Auch ihre Gefährten pilgern nicht aus religiösen Gründen: Der junge Araber Said läuft nur mit, um seiner großen Liebe Camille nahe zu sein. Sie hat die Reise zum Abitur geschenkt bekommen. Sein analphabetischer Freund Ramzi wähnt sich gar auf dem Weg nach Mekka und Mathilde pilgert, weil sie ihre Krebserkrankung überstanden hat und die körperliche Herausforderung sucht. Der Reiseleiter Guy führt eine zum Scheitern verurteilte Fernbeziehung und ist genervt von seiner halbherzigen Reisegruppe, die sich ständig untereinander anfeindet.

Naive Lösungen für große Probleme

Trotz der viel versprechenden Konstellation von Figuren bleibt der Film oberflächlich. Die Probleme der Einzelnen und die Konflikte innerhalb der Gruppe werden nur angerissen, die Lösungen sind zu einfach, um realistisch zu sein. Clara bringt Ramzi Lesen und Schreiben bei, Claude und Mathilde kommen sich näher und auch Said scheint bei Camille Erfolg zu haben. Einem Analphabeten auf einer anstrengenden Reise abends in kurzer Zeit das Lesen beibringen zu wollen, ist jedoch reichlich naiv. Ganz nebenbei besiegt Pierre auch noch seine Tablettensucht.

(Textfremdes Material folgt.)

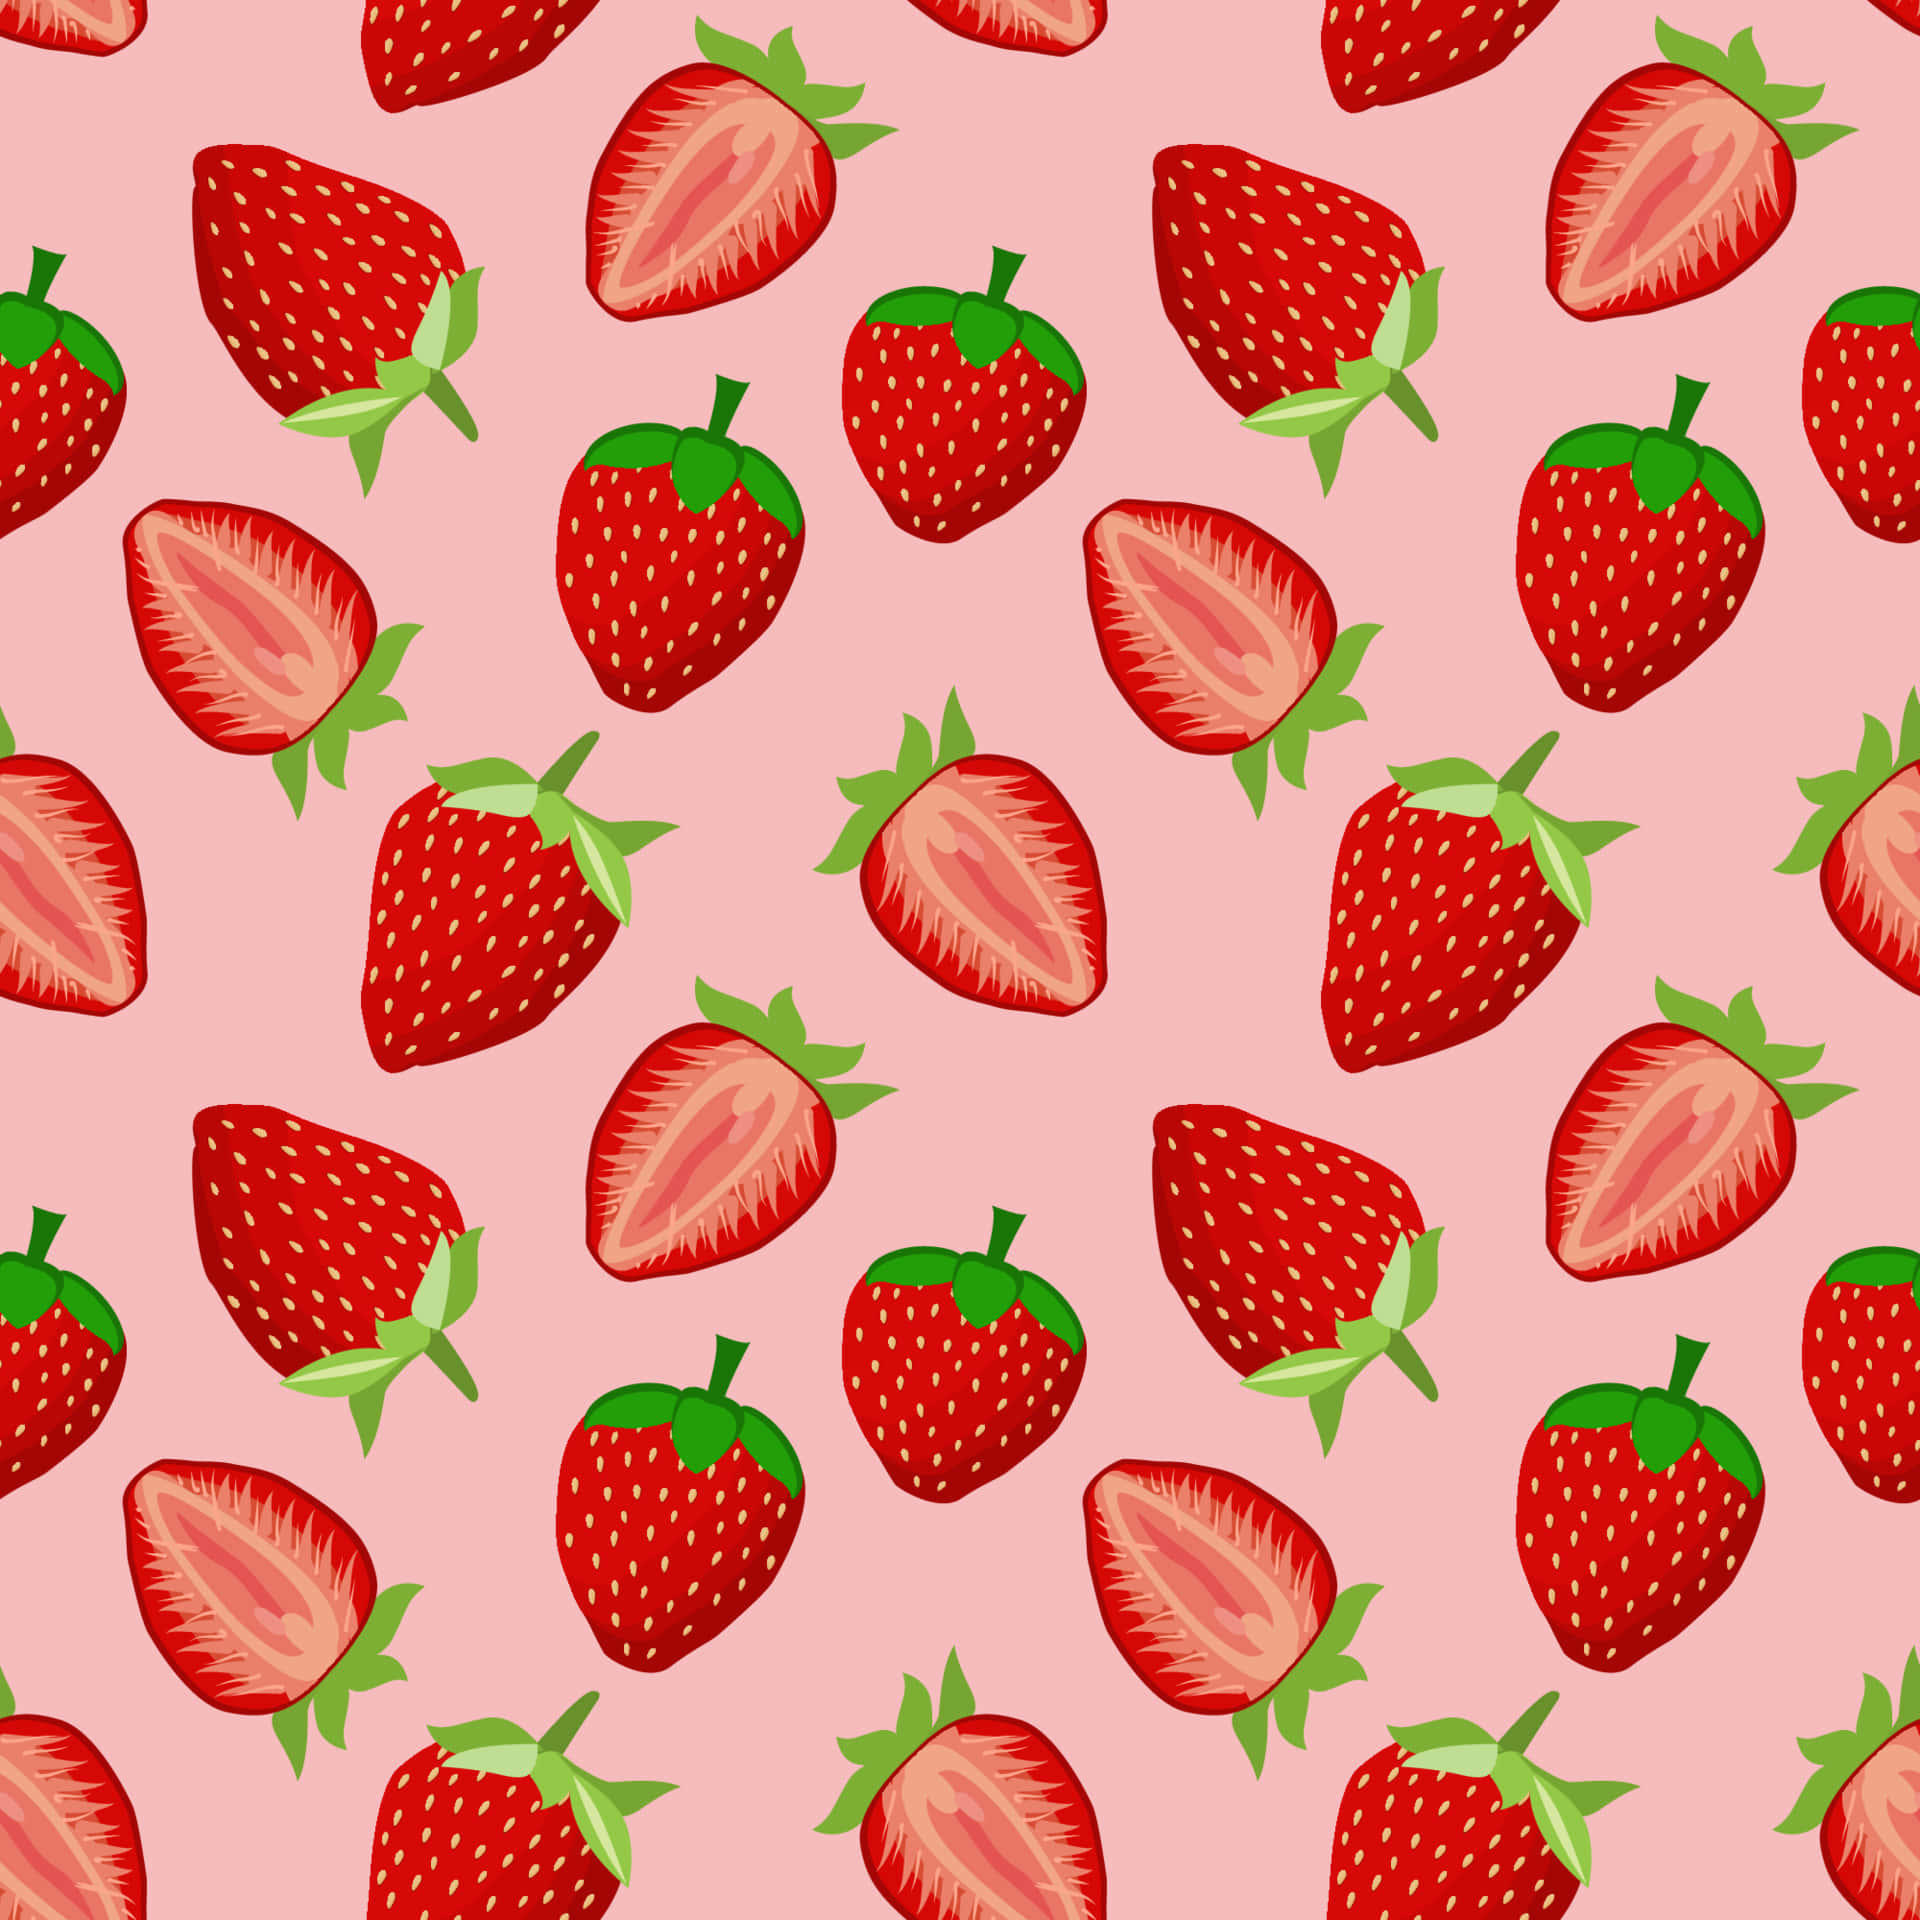 Frischeund Saftige Erdbeeren

In die Szenen der Wanderung sind kryptische Bilder eingeschoben, die die Alpträume und Ängste der Reisenden zeigen. Da wird Ramzi von einem riesigen Buchstaben angegriffen. Mathilde hat Angst, ohne Kopftuch gesehen zu werden, weil sie durch die Krebsbehandlung ihre Haare verloren hat. Und Pierre sieht seine Ehefrau, die sich mit ihrer Alkoholsucht langsam umbringt. Die Sequenzen entbehren jeder Erklärung - nicht immer ist ganz klar, was sie bedeuten und zu wem sie gehören. Sie zerreißen die Erzählung und wirken wie ein krampfhafter Versuch, der leichtfüßig daherkommenden Geschichte etwas mehr Tiefgang zu geben.

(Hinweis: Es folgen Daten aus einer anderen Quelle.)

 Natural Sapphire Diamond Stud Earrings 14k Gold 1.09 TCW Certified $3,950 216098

Spagat zwischen Tiefgang und Komödie misslingt

"Saint Jacques" zeigt, dass das "Modethema" Pilgern allein keinen guten Film ausmacht. Sicherlich ist der Spagat zwischen Tiefgründigkeit und leichter Unterhaltung machbar. Der Regisseurin und Drehbuchautorin Coline Serreau, die mit "Drei Männer und ein Baby" große Erfolge feierte, gerät er jedoch sehr ungelenk. Komische Szenen wie die, in der Pierre beim nächtlichen Telefonat barfuß in frische Kuhfladen tritt, prallen auf so bitterernste, wie die, in der er seine Frau anruft, die im Krankenhaus liegt, weil sie sich ins Koma gesoffen hat.

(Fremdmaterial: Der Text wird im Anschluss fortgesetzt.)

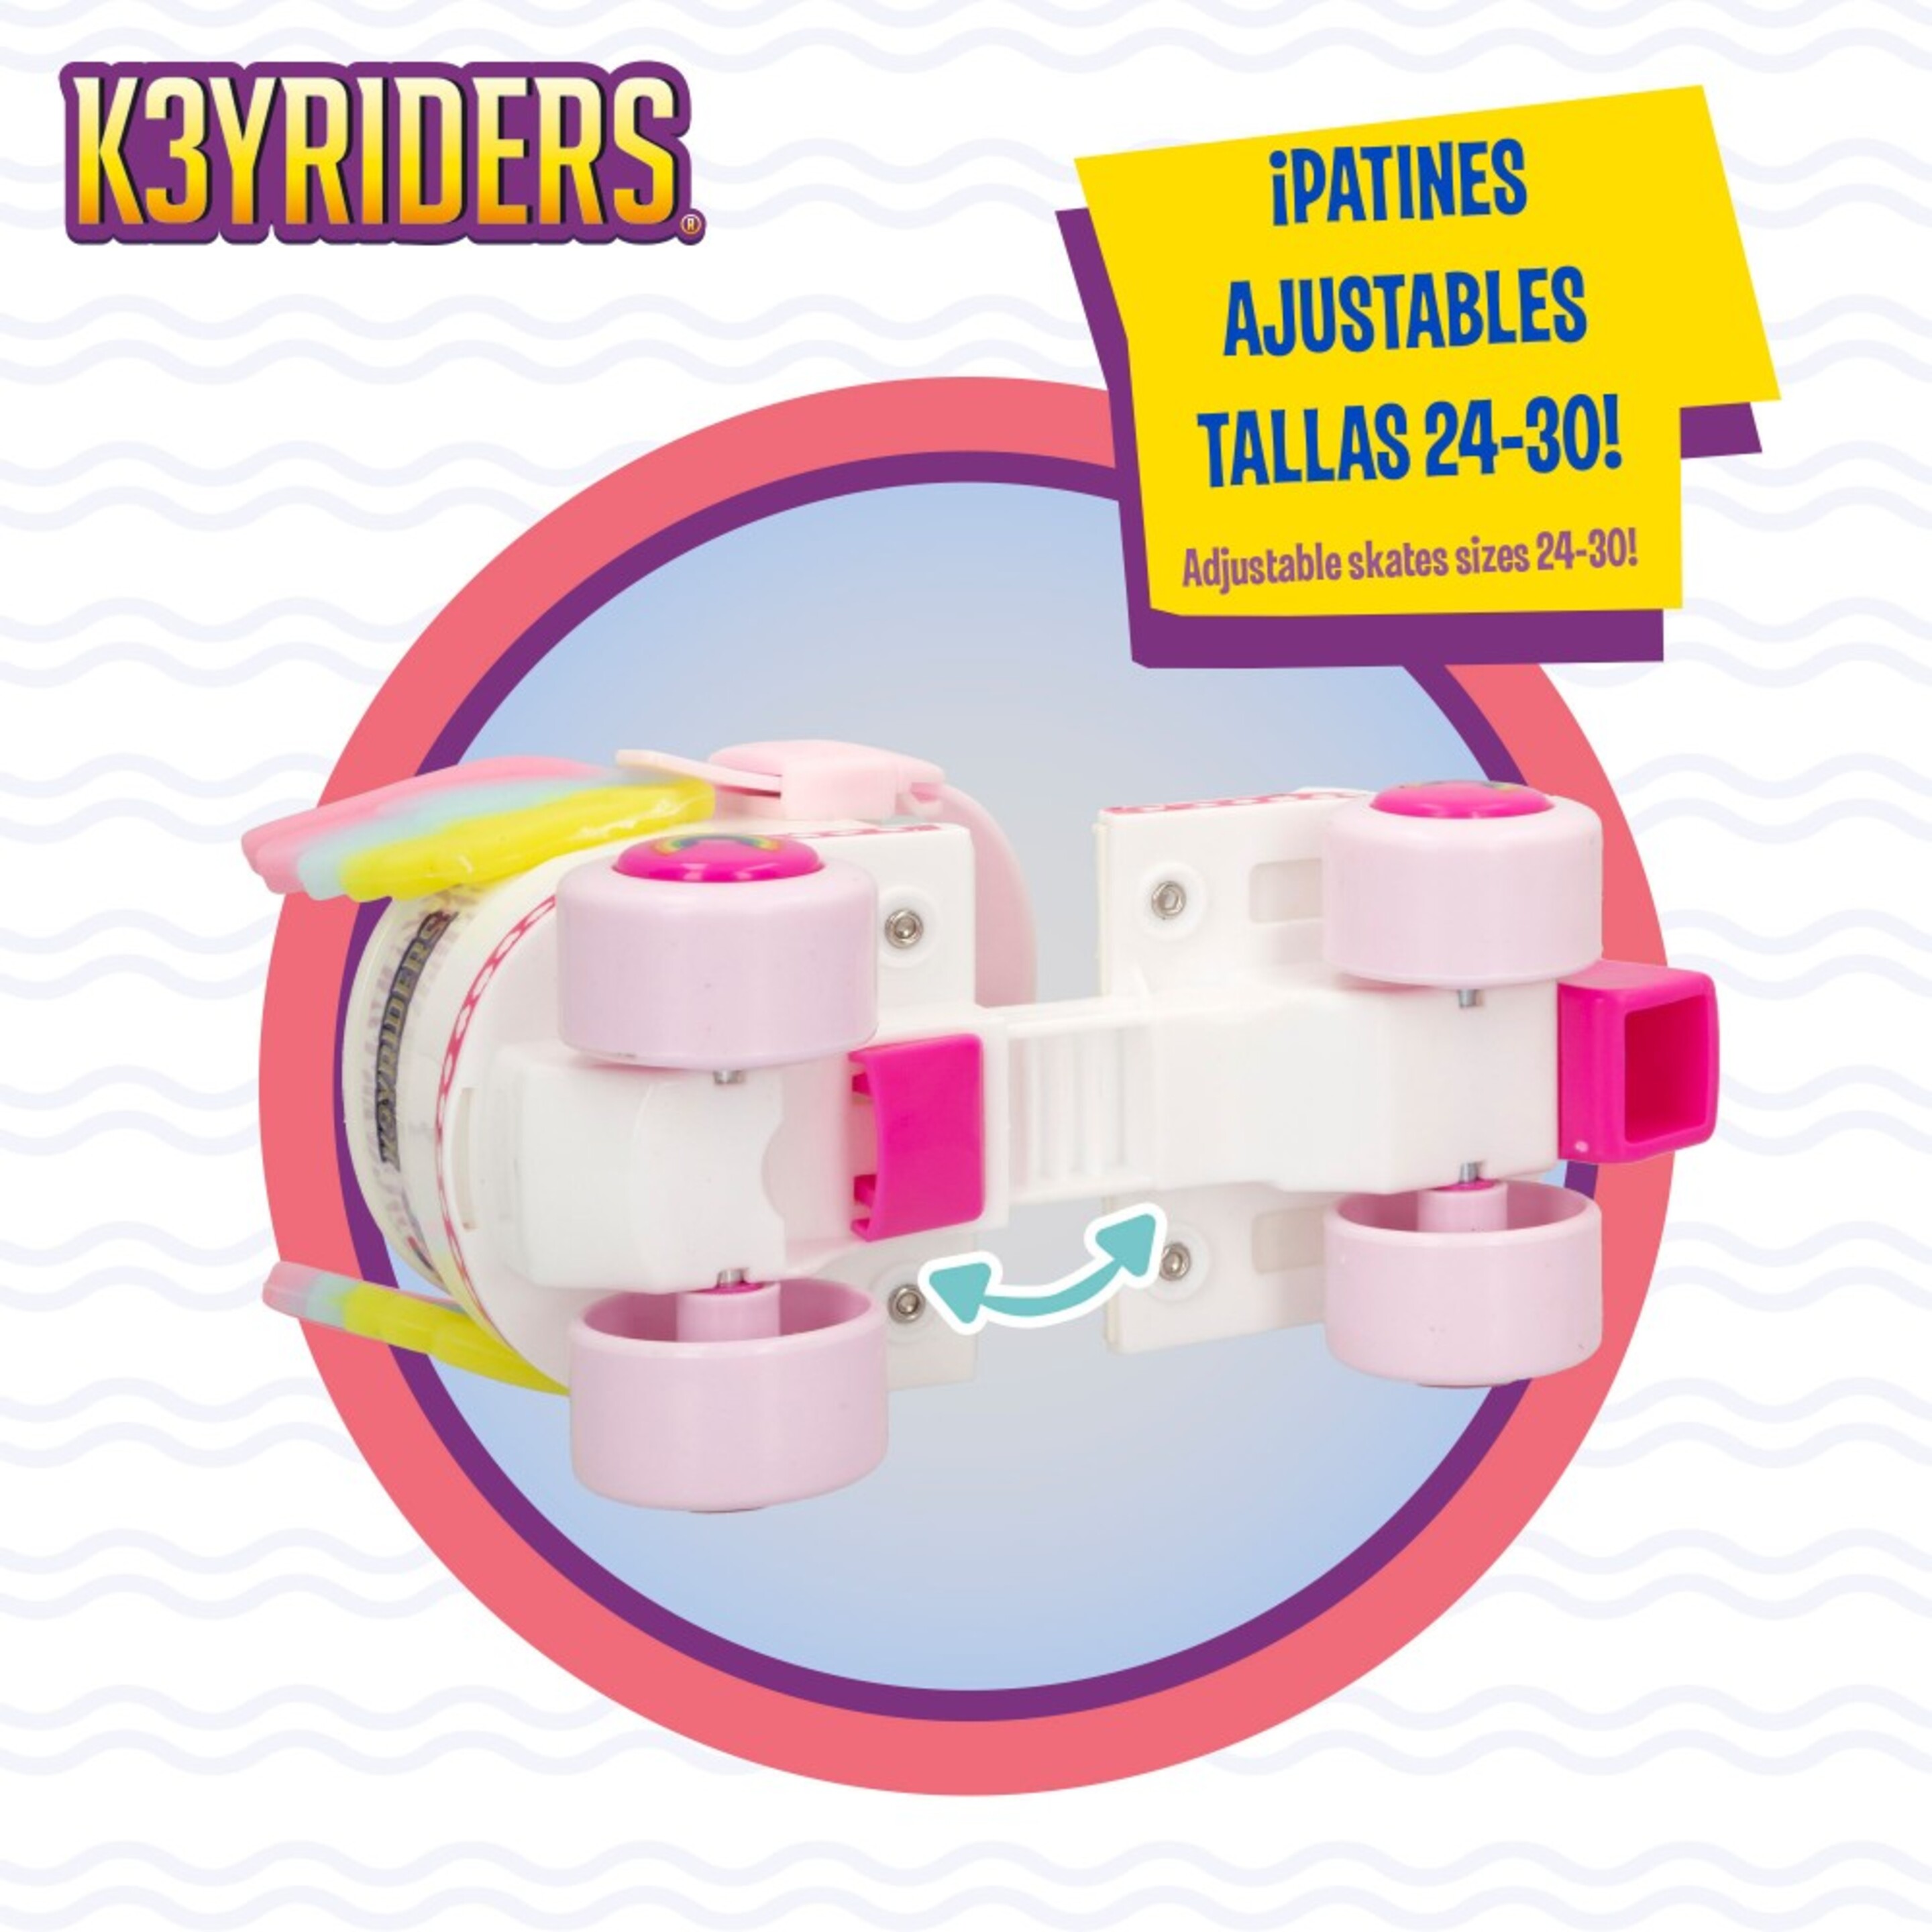 Kit Patines De Unicornio 4 Ruedas K3yriders - Multicolor  MKP

Für einen Film, der wirklich bewegt und im Gedächtnis bleibt, hätte Serreau es wagen sollen, die angeschnittenen Probleme weiter auszuführen. Für eine kurzlebige Komödie hätte sich die Konsequenz gelohnt, auf die Traumszenen und Andeutungen zu verzichten. So sind die halbherzigen Reisenden aber vor allem eines: ein Spiegelbild der Umsetzung.